Two students from the course, Autumn Bellan ’23 and Jillian Brosofsky ’23, found themselves immersed in different elements of the project. While the two both worked on the web design team, they gravitated towards different topics.

Brosofsky, a psychology major, loved working with community members across the Waltham area. For one of her stories she focused on sharing affordable mental health resources in the Waltham area, collaborating with organizations across Waltham. Through this she discovered the importance of knowing your audience.

“In a lot of our classes we talk about how a newsroom should reflect the community at large. It’s important to highlight diversity and representation accurately, truthfully and authentically,” said Brosofsky. “Going out into the community is the only way to do that.”

Bellan, an English and creative writing major, was most passionate about the visual layout and design of the zine. She worked on the web design team, creating the website for the project on Squarespace, a website host platform. “I really enjoyed getting to learn Squarespace because a lot of businesses use that platform,” said Bellan. “I’m looking to make my own website using the platform. I’m hoping it will also help me in my future career.”

Zine class poses for photo
Photo/Professor Rachel Raczka

Each student chose their area of focus for the zine creation process.

The zine will be available this spring at the Waltham Welcome Center, on campus, and within other Waltham locations. It will be available in both Spanish and English. A Community Engaged Pedagogy Project grant from COMPACT is supporting the production of the zine and its translation into Spanish.
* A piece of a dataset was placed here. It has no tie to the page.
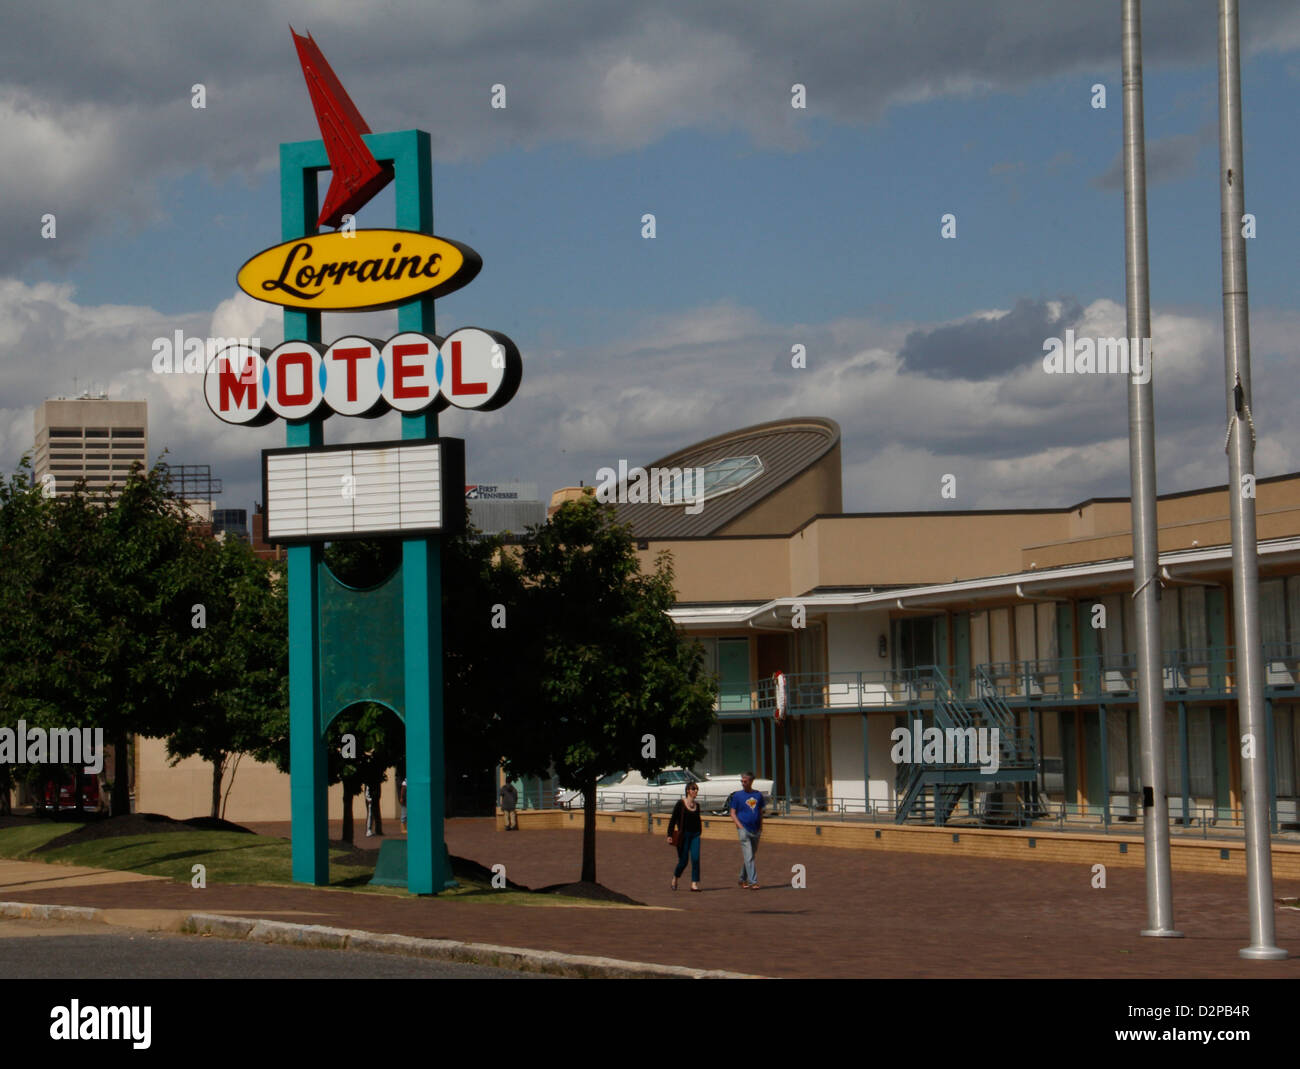 Lorraine Motel memorial National Civil Rights Museum Room 306 Martin Luther King Jr. was assassination site Memphis Tennessee Stock Photo

“We are thrilled to be able to support this collaboration,” said COMPACT Director Sara Shostak, “It created a deeply meaningful learning experience for Brandeis students, while advancing the vital work of Waltham Partnership for Youth.”

For Kaytie Dowcett, the Executive Director of the Waltham Partnership for Youth, this is the start of a strong community partnership.

“Sara and Megan took the time to get to know us individually; understand our organization, our programs, and the students and families we serve; and explore partnerships that could help us advance our work in meaningful ways,” she said. “Within the first year of the Center's existence, we're already developing a couple of projects that have the potential for high impact - and I am struck by the sense that this is just the beginning!”

Raczka hopes her students take away valuable skills, but also the importance of authentic journalism. “Serving your community is something that is valuable and rewarding, but also very necessary,” she said. “Local news can be something that people depend on. It can make a difference in their life.”